During this timeframe, my Baby Bunching cousin became a beacon of hope. Because she was still too busy to talk on the phone, through her mother (my aunt), I heard stories about how much easier things were now that her tots were 3 and 4. How they played together. How they were out of diapers, eating regular food, walking instead of riding in the stroller, etc. etc. It gave me hope that one day, I too, would be able to pee uninterrupted and perhaps even finish a meal.
Fast forward two years. I am peeing uninterrupted and finishing meals! Or at least I was, until I had another baby recently. But I digress. With a new baby in the house, my Bunched older two have been my saving grace. They are built-in playmates, keeping each other entertained during nursing sessions or when we are stuck in the house so the baby can sleep. Because they are so close in age (and both boys), they are interested in the same activities and can even be in the same swimming/gymnastics/art/music/soccer/etc. classes sometimes, which keeps me from running all over town like a fool trying to keep everyone happy in different activities. They can now wear each other's clothes. I am definitely seeing the payoffs!
So, knowing what I know now, would I do it again? I think so. As a friend who bunched all three of her kids (they are all a little over one year apart) put it, "Yes, it is crazy in the beginning, but it's a phase of your life. It's just a few years. It's not a lifestyle for everyone, but it worked for our family." Baby Bunching worked for us. My boys are best friends for life, and we've just added a third brother to the mix. He is spaced far enough from the second (three years) that I am able to savor his babyhood, but he will still be relatively close in age to the others. For our family, it has worked out nicely.
I'm curious to hear what others think. If you could go back and do it all over again, would you Baby Bunch and why or why not?
i had the same experience, easy birth for first easy baby, then baby 2 was colic and horrendous and baby 1 was a VERY demanding toddler, i too was in HELL. i bunched b/c of my age, 36 when i delivered my first 38 when i delievered my second. i would probably give myself a bit more space, they are 25 months, i might have moved it to 30 months if i was younger. but i do like the age closeness when older, i had a 4 year gap with my older sis and a 6 year gap with younger and we were never on teh same stage and it sucked.
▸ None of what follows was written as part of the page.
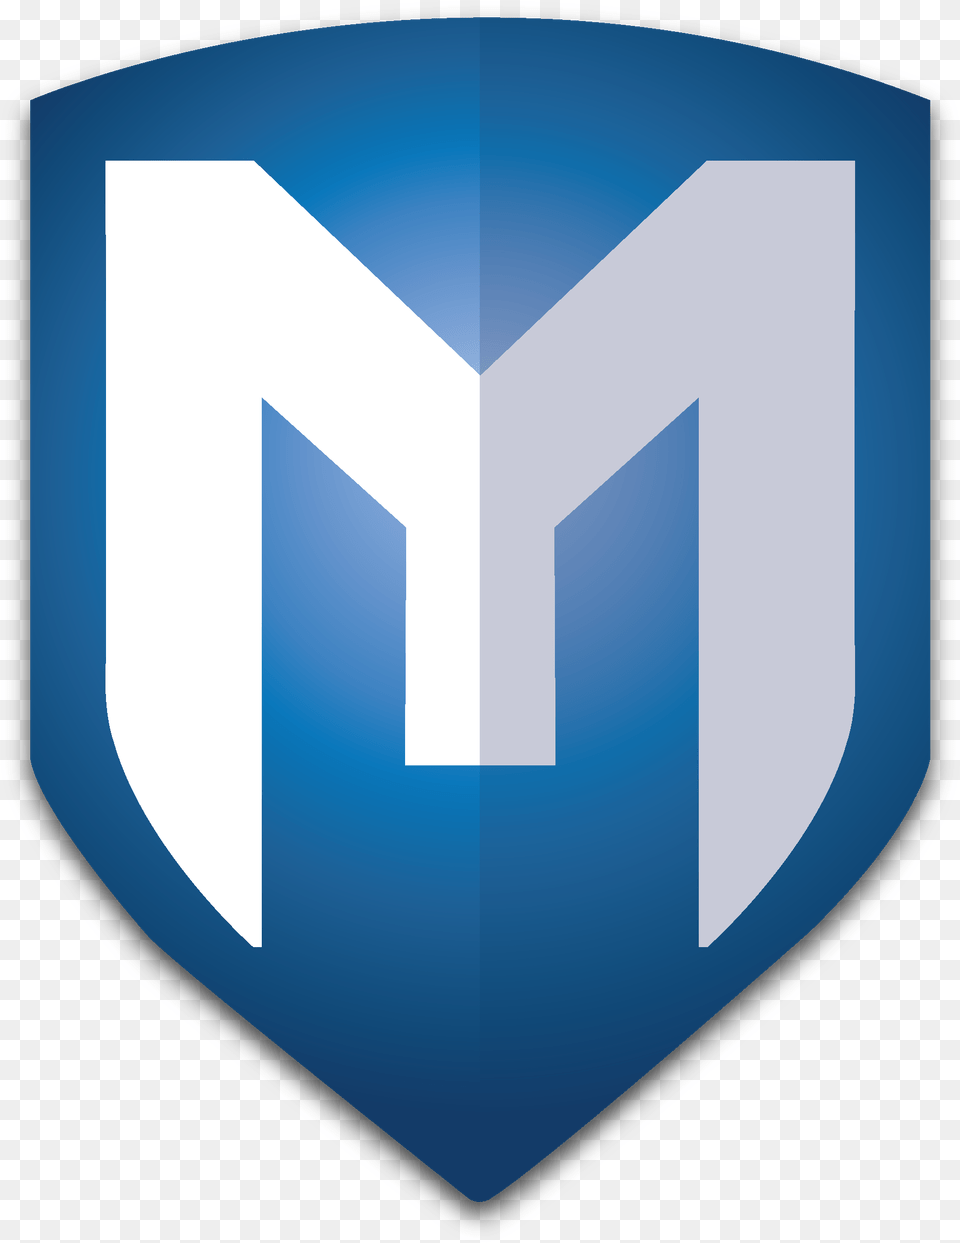 Metasploit Logo, Armor, Shield Png Image

Posted by: feener | Aug 28, 2008 at 02:01 PM
Absolutely - would TOTALLY do it again. The kids are 15 mos apart. First one was super easy - and the second one was a terror. I don't remember much of the first 15 mos, and then all of a sudden I remember thinking... wow this got 100 times easier in just one month. From that point on, I thought it was the best decision I ever made 'accidentally'. In fact, I worry that my 3rd child is too far apart to appreciate the bond his older brothers have. If I was crazy enough, I would have a 4th and baby bunch that 4th child with my 3rd. That way they could have the same bond. However, I don't think we have it in us!
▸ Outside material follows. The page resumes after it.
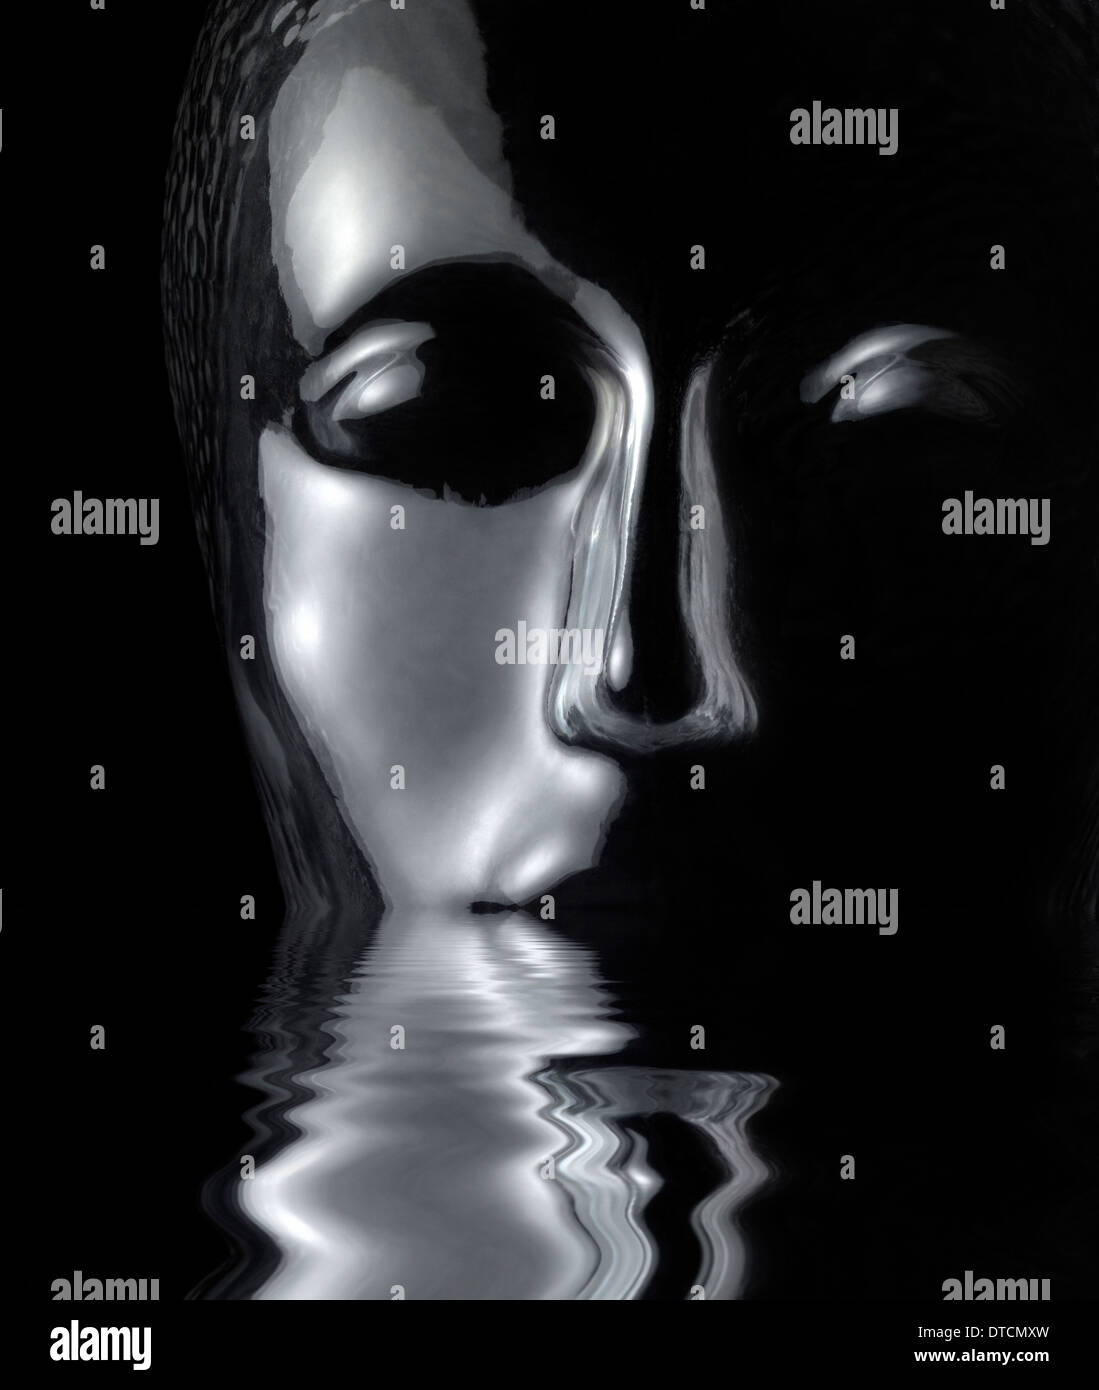 Naufragio riflettente traslucido testa umana fatta di vetro riflettente sulla superficie di acqua nella parte posteriore in nero Foto Stock

Posted by: Michelle | Aug 28, 2008 at 04:53 PM
hello, I like your blog! I didn't realize I was a baby buncher (mine are 24 months apart, does that count?). We did it for a couple of reasons: 1 I'm 37, we had trouble getting our first child (2 miscarriages), so when she turned 1 we started trying for number 2, and got and stayed pregnant pretty quick. My youngest is 6 months now, so we are still in the 'hell years', some days are better than others! We both work full time too(reason number 2 for having 2 kids so close is that I love my job, but I may want to start climbing career wise, so thought it best to have both kids close together and focus on career afterwards). we do spend a fortune in child care. But so far I am pretty happy with the way things are working out. Some days I feel like supermom, others like superslacker mom. One day at a time, I say!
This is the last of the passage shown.